Tuesday, March 8, 2011

i wrote a paper about javier bardem for spanish class tonight, which was sort of depressing because the guy is nuts. he is a staunch atheist, and was saying that even though he wasn't gay he would love to get married that way just to make churches angry. i don't understand why people act like that. what is the point of hating something you say that you don't even believe in? it doesn't add up for me. i don't believe in life on mars or evolution, but i don't go around hating everyone that does. it seems like a waste of emotion that could be spent on anything else. anything. anyways. that's the end of a spanish-induced rant. the Bible is always spot on about these things, when Jesus says the world will hate us.

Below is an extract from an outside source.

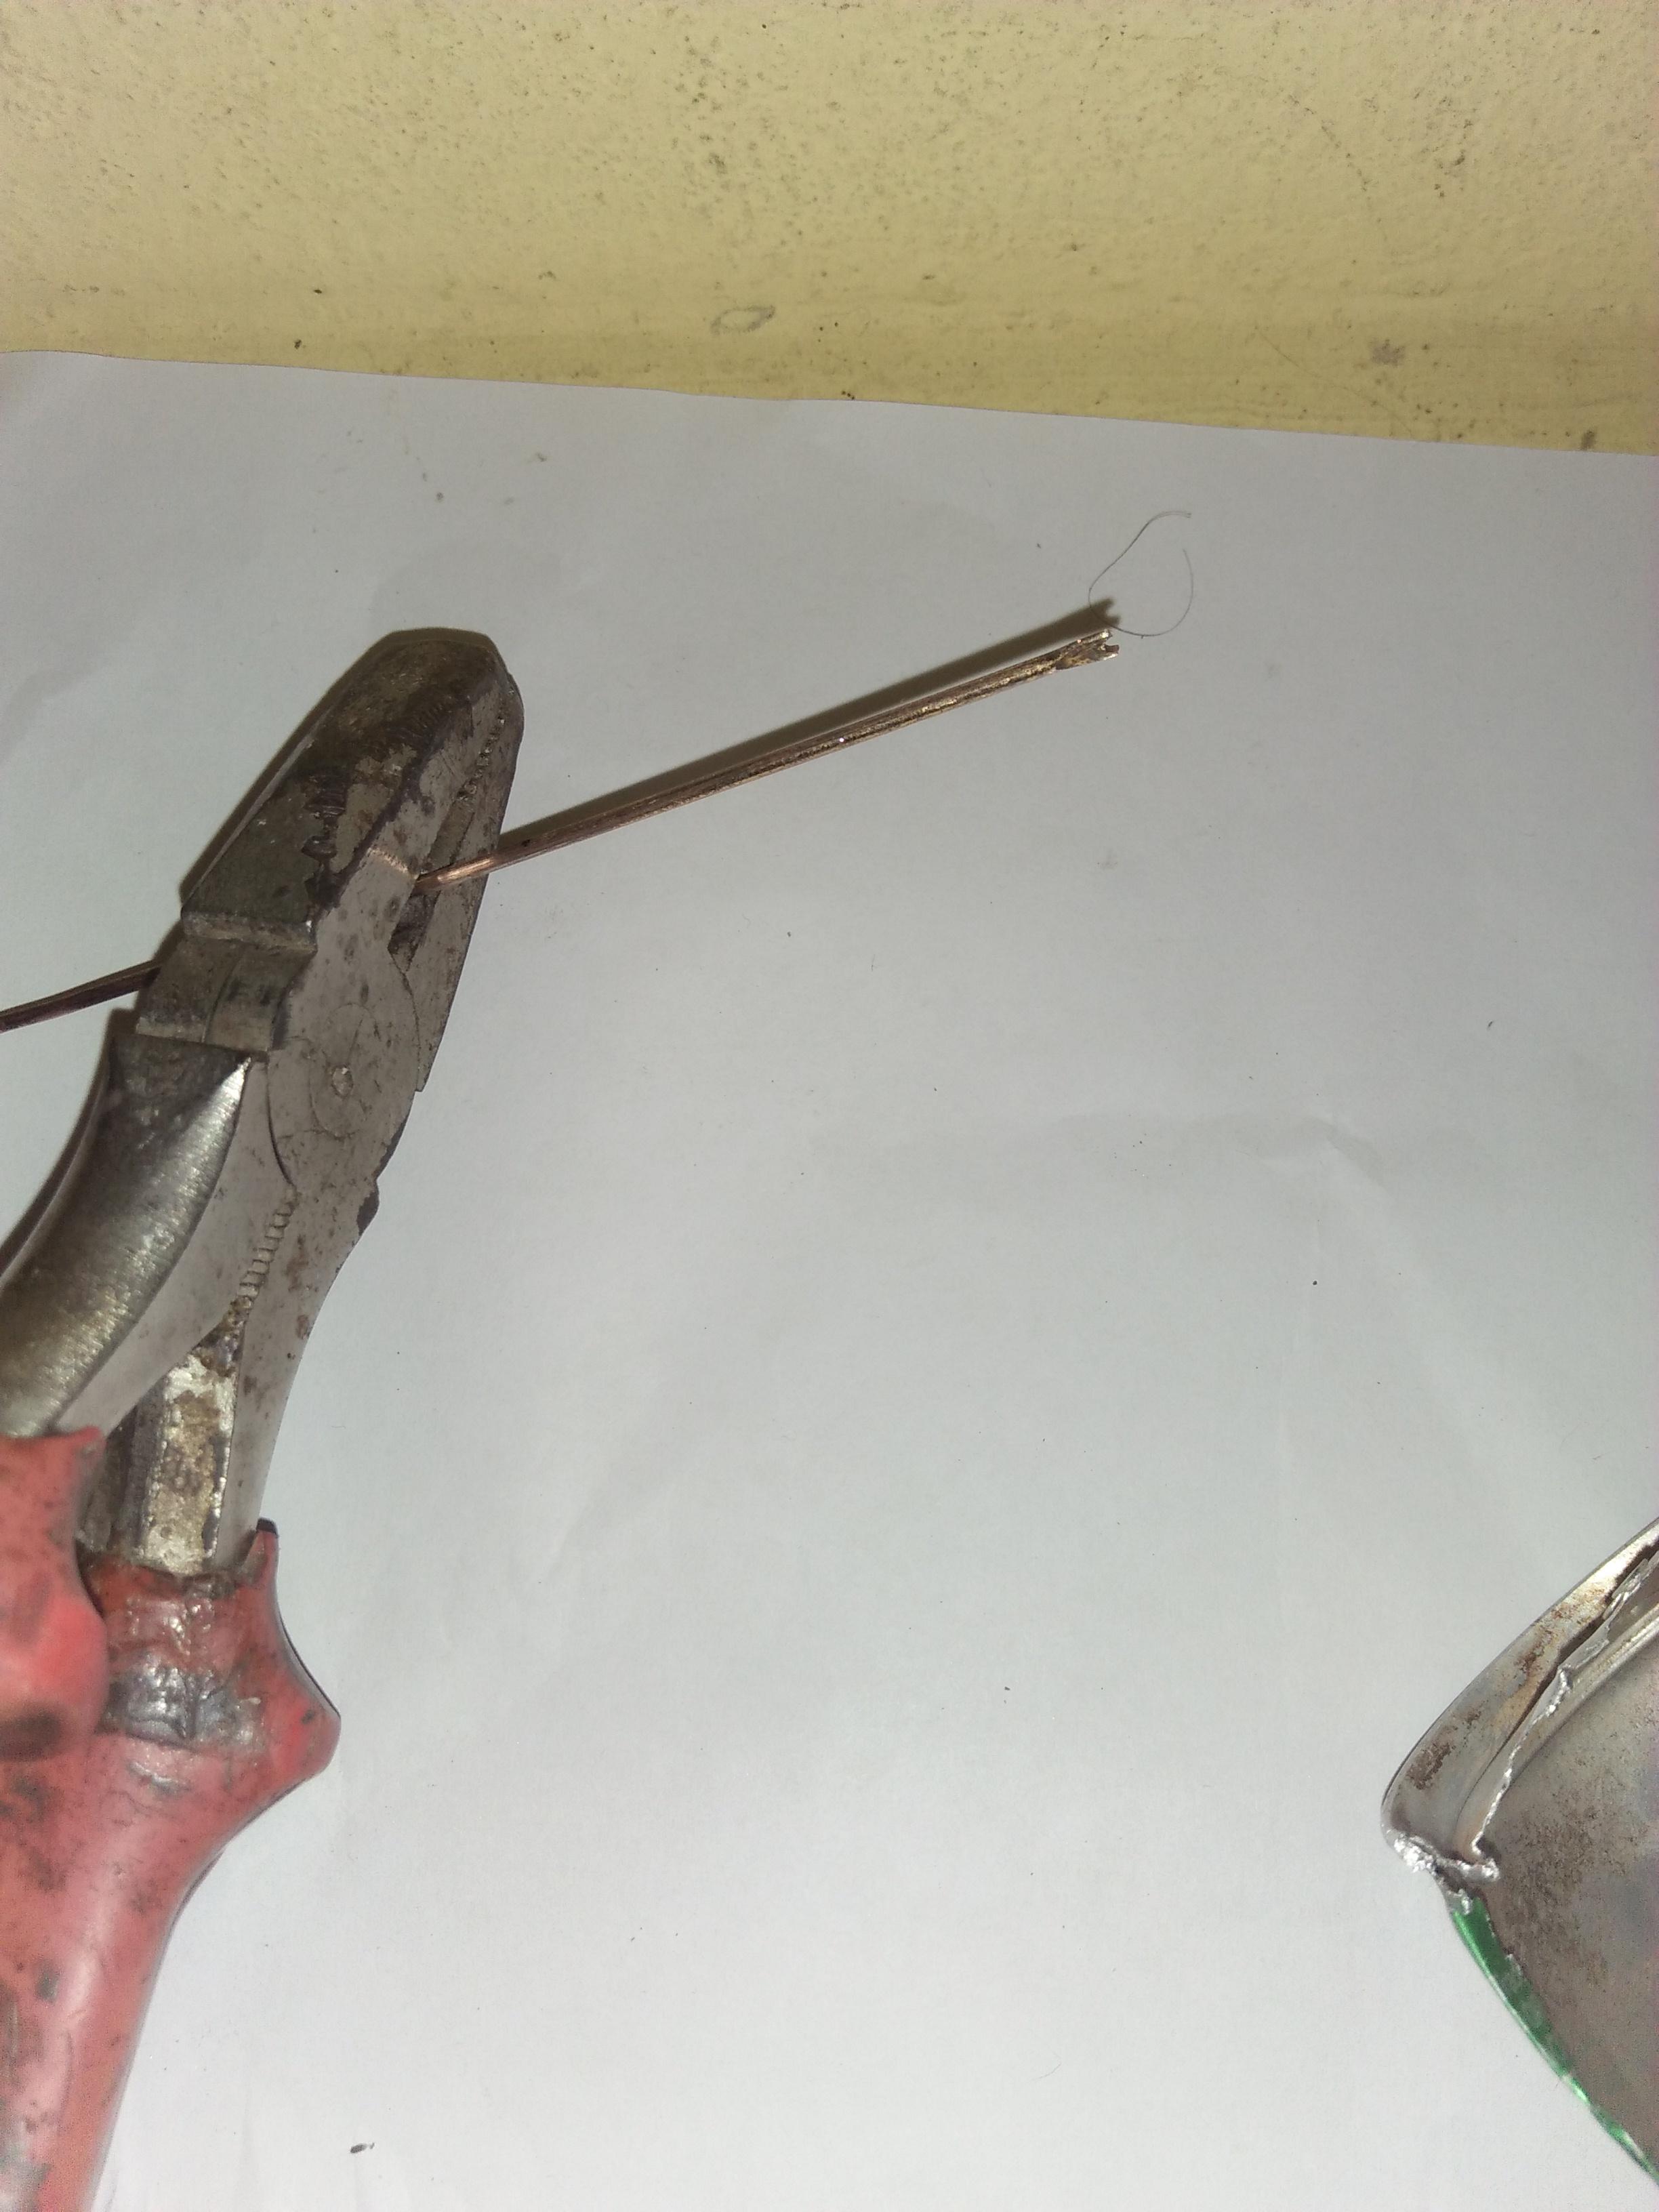 Picture of Cut Aluminum Wire

i missed a bus or two this morning due to poorly timing my snow removal. the thing about utah though is that professors understand that, and so things were good, and i got to talk to my old boss for a bit at harmon's. it feels good to say i have a new job, and i finally work for a company whose name i don't feel ashamed telling. i guess that is part of being in the grown up world. but also the other part is headaches and responsibilities, like making sure every strange question people have is answered. and people have a lot of questions for me.

Wednesday, March 2, 2011



i spent one of my weekend nights, and i can't remember which, catching up on this show. fred armisen makes me laugh so hard. portland as home has faded for me to a distant memory. i don't know if this is a sad thing or not. but the funny thing about this show is that it is never raining. so i see the same buildings, but nothing looks the same, because there are small rays of sunshine. it's sort of like a more idealistic oregon, except still with the same people that aren't so idealistic.


the wasteland by t.s. eliot. spanish done. day off. spicy food. this american life (tv and radio). talking to the brother. sweet text messages. house church. wednesday is becoming my favorite day of the week, except the weekends i cherish.